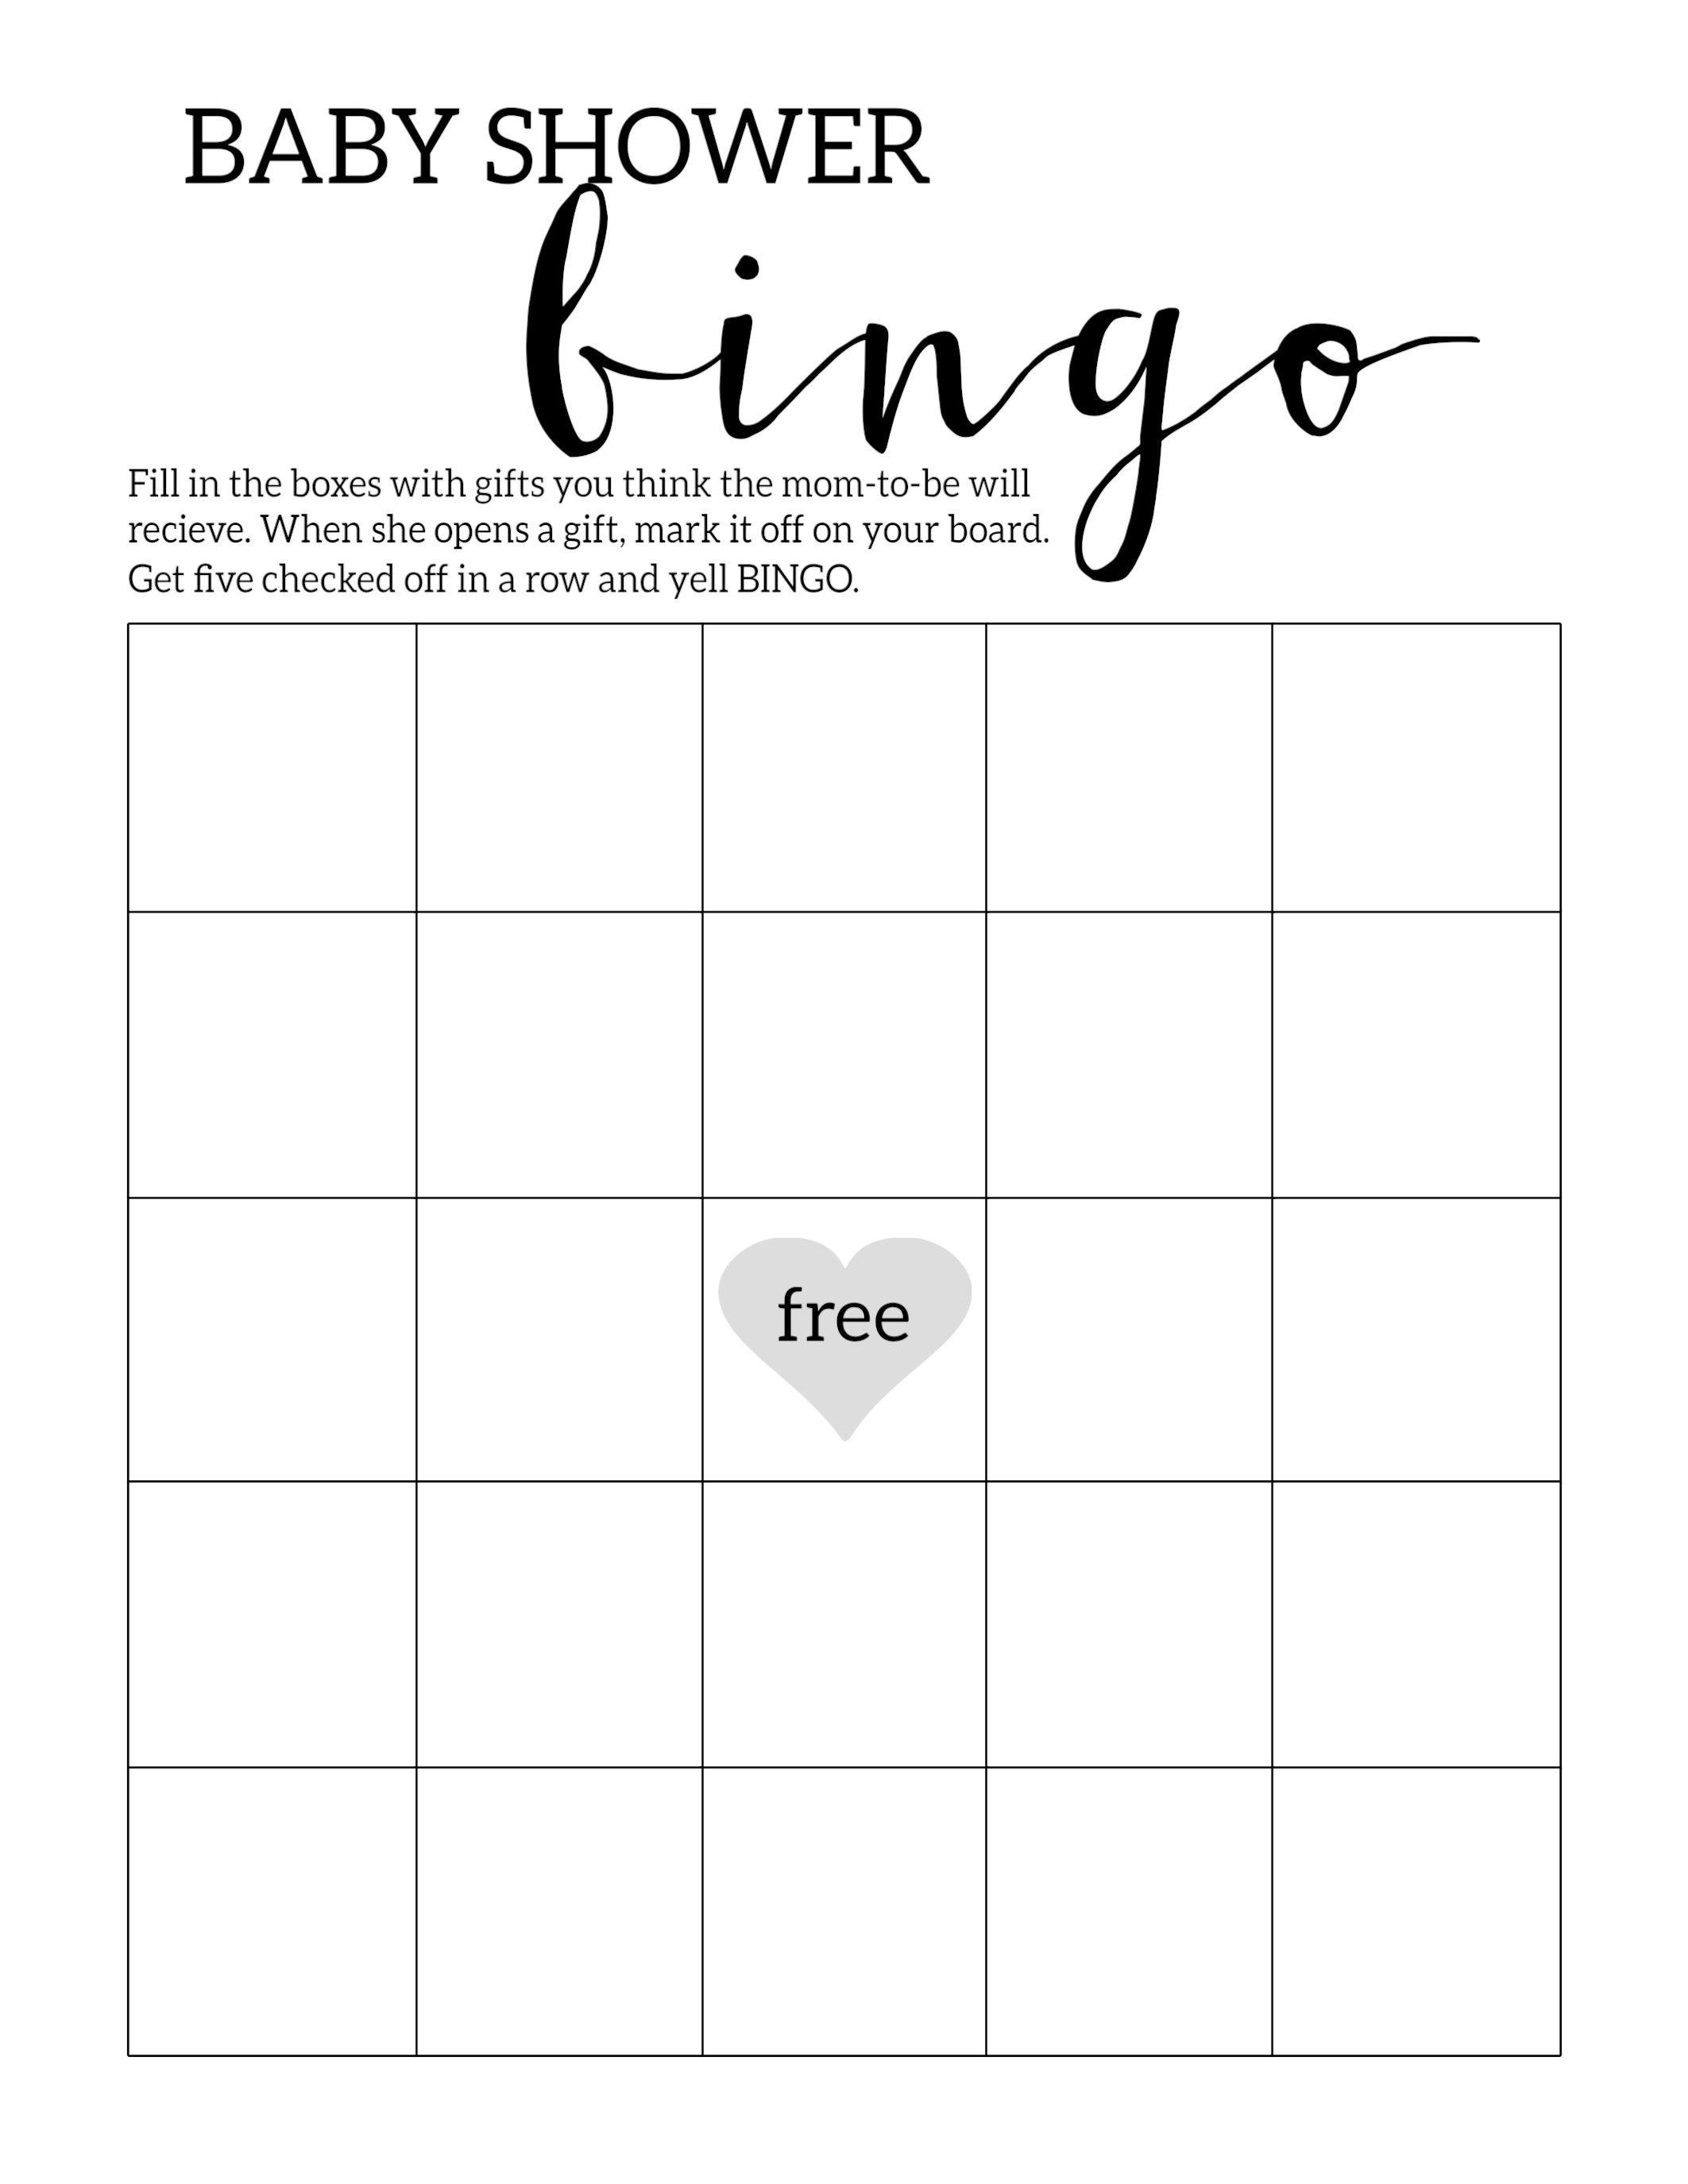 Baby Shower Bingo Printable Cards Template | Baby Shower | Baby - Baby Bingo Free Printable Template
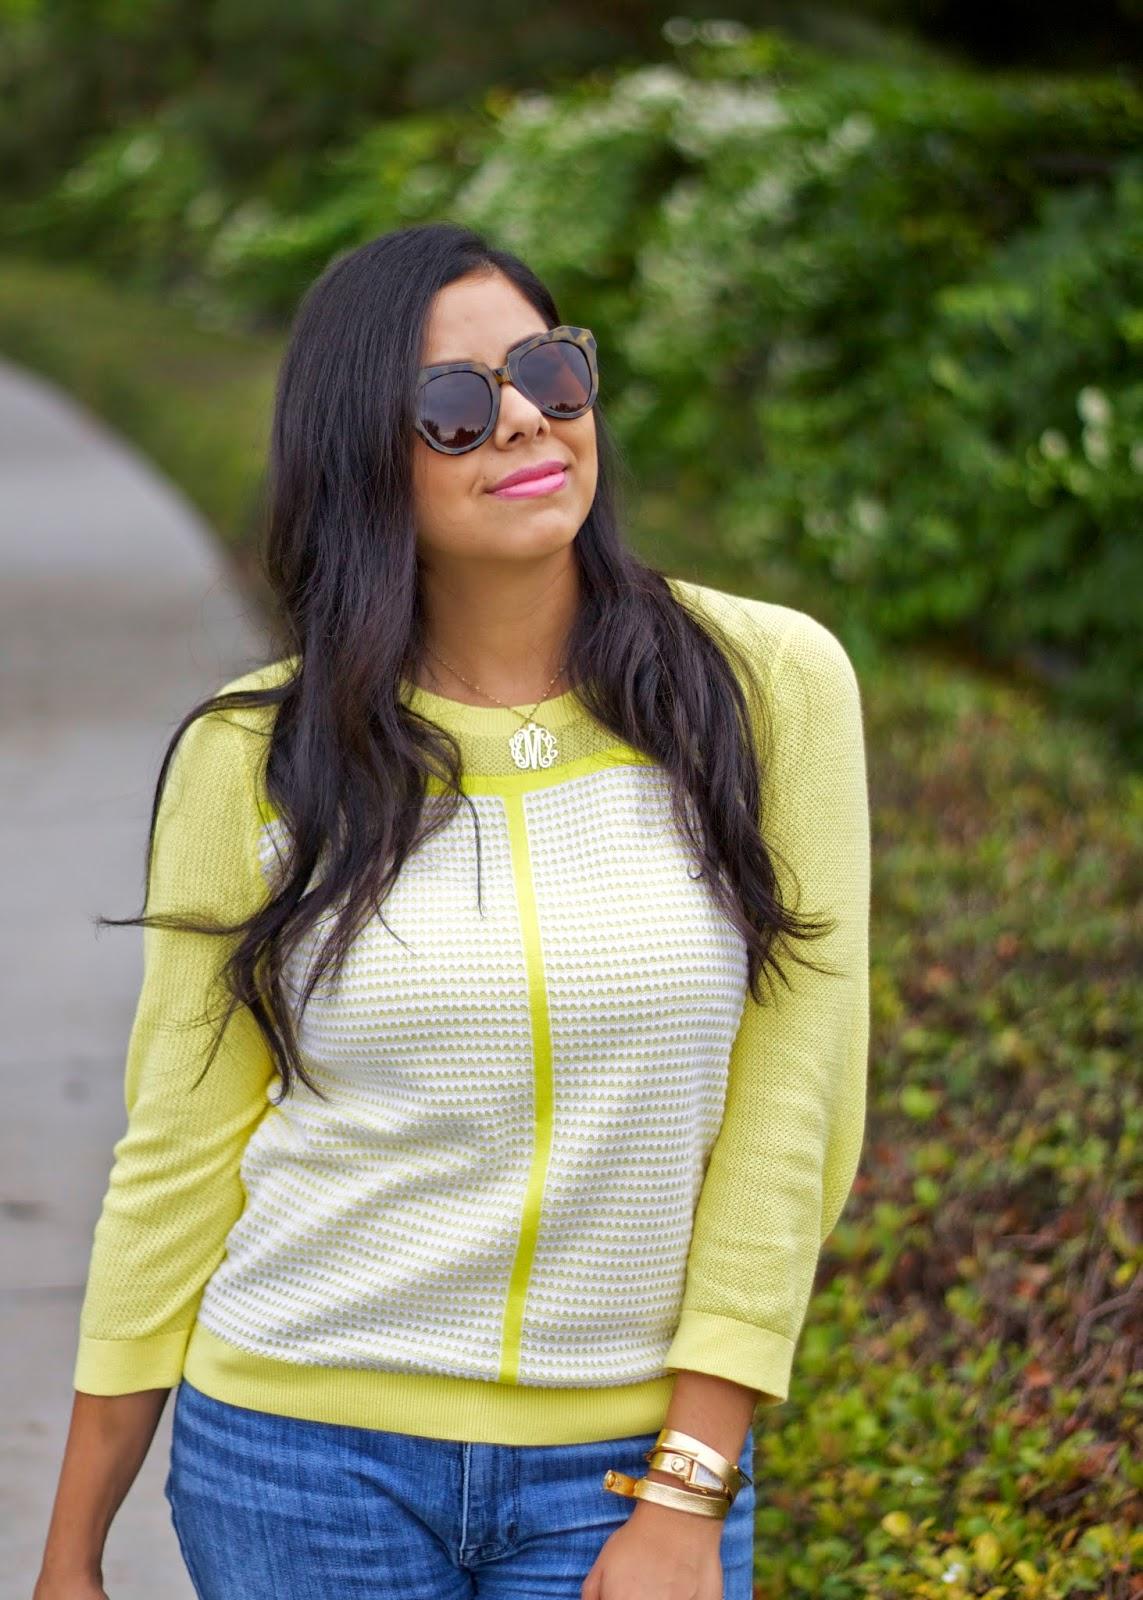 Karen Walker SUnnies blogger, blogger of affordable fashion, best affordable fashion blogger, sunglass trends 2014
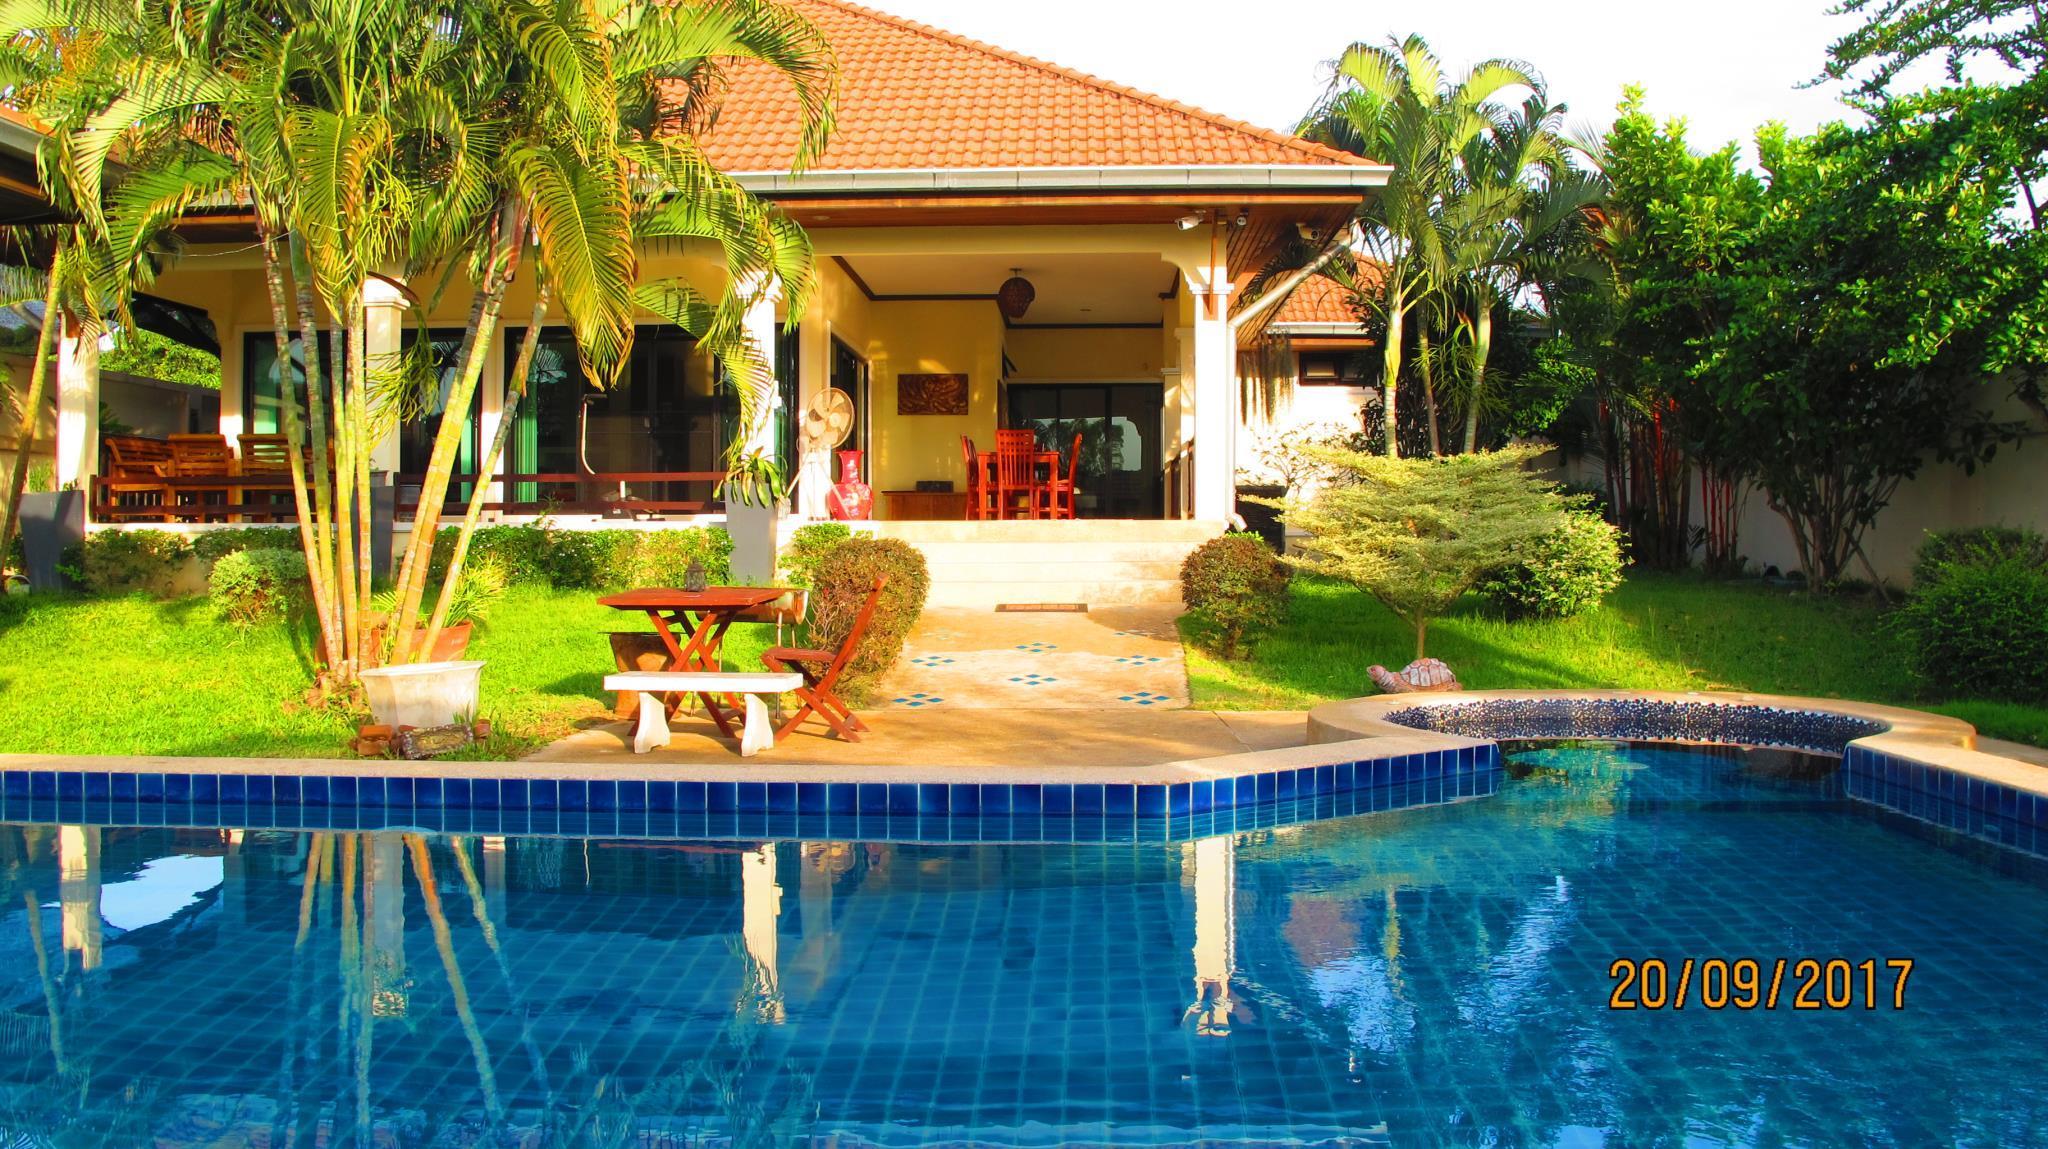 Luxury Pool Villa Rayong,Luxury Pool Villa Rayong

» Try it
Keeping every word as it is, write out all the data and omit the pictures.

» Task answer
 Baby Shower Bingo Printable Cards Template | Baby Shower | Baby - Baby Bingo Free Printable Template
 Karen Walker SUnnies blogger, blogger of affordable fashion, best affordable fashion blogger, sunglass trends 2014
 Luxury Pool Villa Rayong,Luxury Pool Villa Rayong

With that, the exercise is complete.